The Potential of Lake Region

Politics aside. Lake Region Economic Bloc Governments need to collaborate more to harness the potential of their rich maritime resources as an enabler of growth, trade integration and prosperity. Joint sourcing of commodities is just one idea that would revitalize and promote trade, enabling a nascent LREB trading bloc to flourish.

By not accelerating developments around the port and finding better ways of using shared maritime resources, Lake Region Counties namely Bungoma, Busia, Homa Bay, Kakamega, Kisii, Kisumu, Migori, Nyamira, Siaya and Vihiga are missing an opportunity to build their economies faster, create more jobs and innovate new industries, and nourish a growing population.


Creating an expansive road network through Kenya Urban Roads Authority (KURA) and Kenya Rural Roads Authority (KeRRA) will encourage infrastructure to connect the region to farmers and producers from the rural areas. To increase our combined impact, smallholder farmers can be able to access larger markets at good prices if they can easily transport their produce at low costs to sell in other market centers.

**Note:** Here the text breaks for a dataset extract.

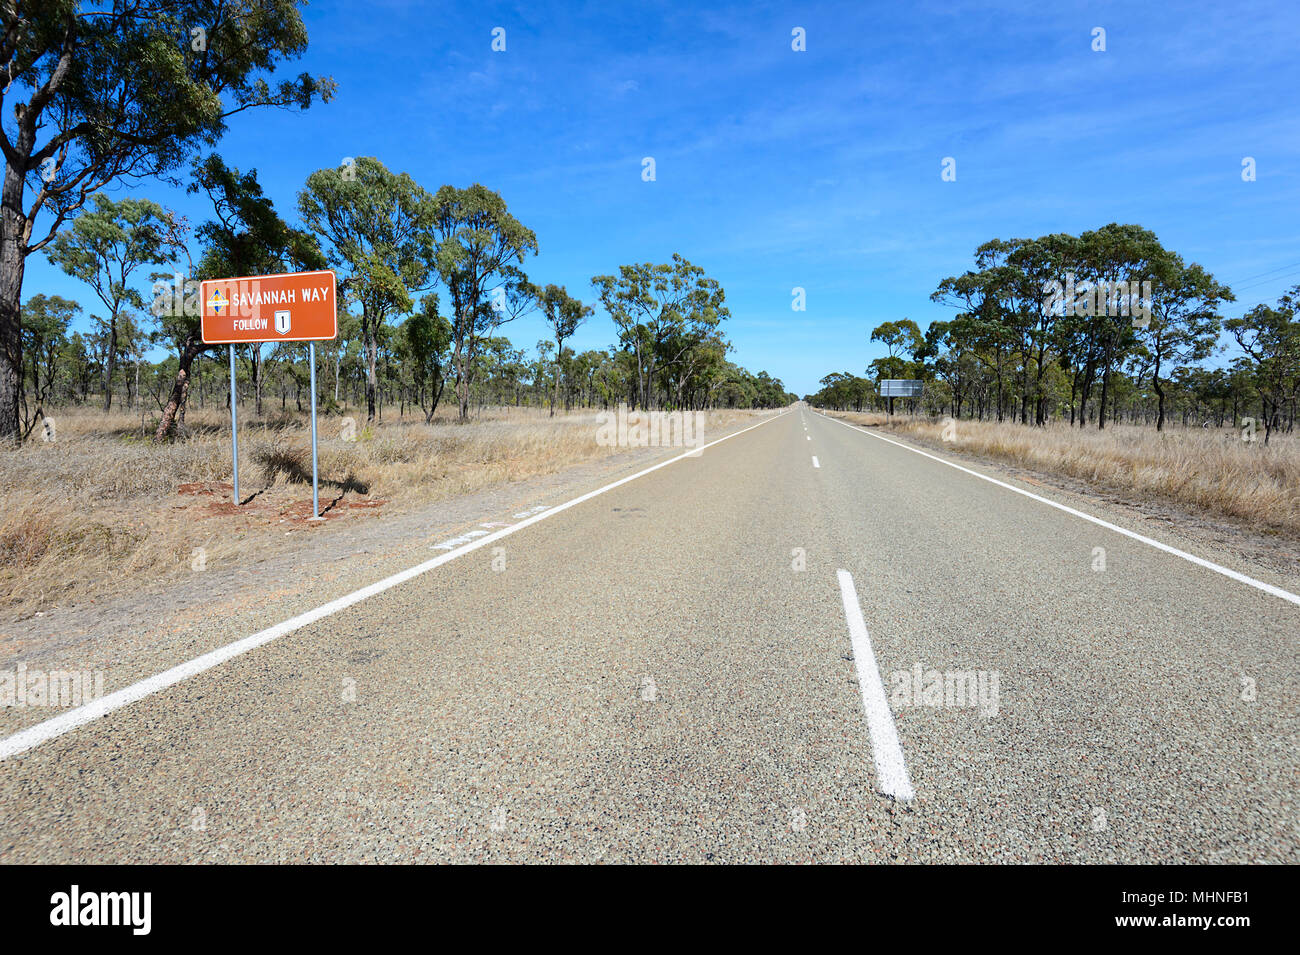 Savannah Way est une route goudronnée à travers les régions éloignées et isolées, Queensland QLD, Australie Banque D'Images
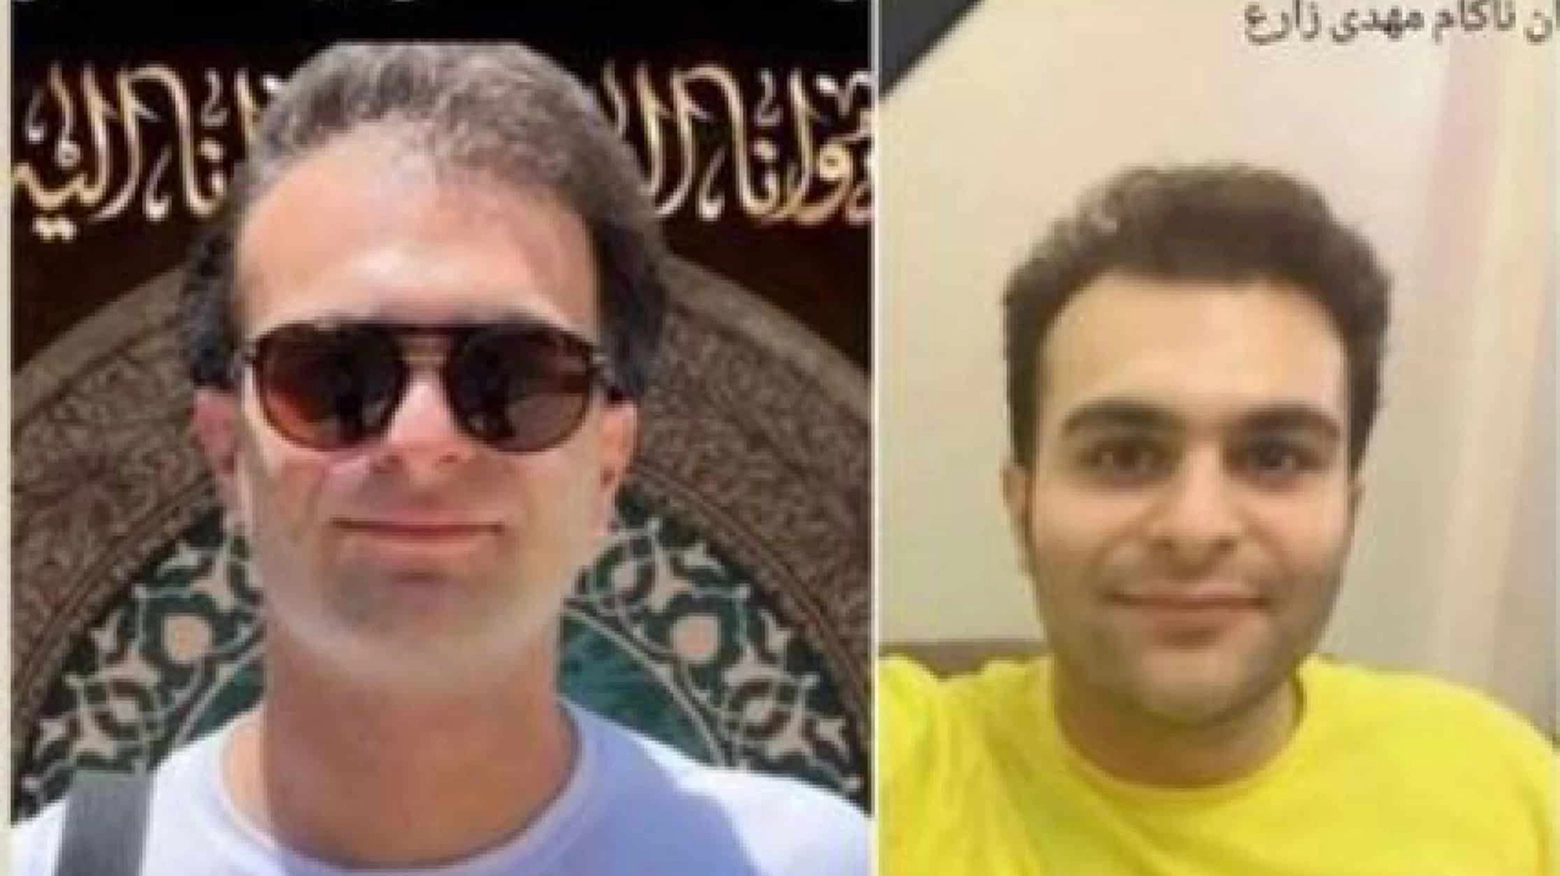 Morto in Iran dopo venti giorni di coma a seguito di torture Mehdi Zare Ashkzari (30 anni)_ aveva studiato e lavorato a Bologna

Policy Making within County Assemblies

This can easily facilitate their access to markets, and empower small farmers to engage in policy dialogue. MCAs should see themselves as more; with a key role to play in ensuring inclusive and sustainable rural transformation at local and county level in enabling farmers access opportunities across borders and as well spur dialogue with sectors such as hotels, travel and tourism, transport and so on.

Maritime Trade

Lake Victoria is a waterway which can transport millions in cargo oil, gas and goods across counties and East Africa at large. The port is being upgraded to handle 4,000 containers. The 180-tonne, 91-metre long mv Uhuru cargo carrier has already made 26 round trips to Uganda. One trip, which is equivalent to having 30 lorries take over a week, is completed in only 17 hours.

Kisumu handled 17,735 tonnes of cargo in 2019, a 62 per cent rise due to improved efficiency. There are still some challenges. Uganda has yet to complete its oil jetty. Among challenges identified by shippers are weak ports, railway and road infrastructure, small handling capacity, high shipping insurance, high logistical costs, theft of cargo and arbitrary fees.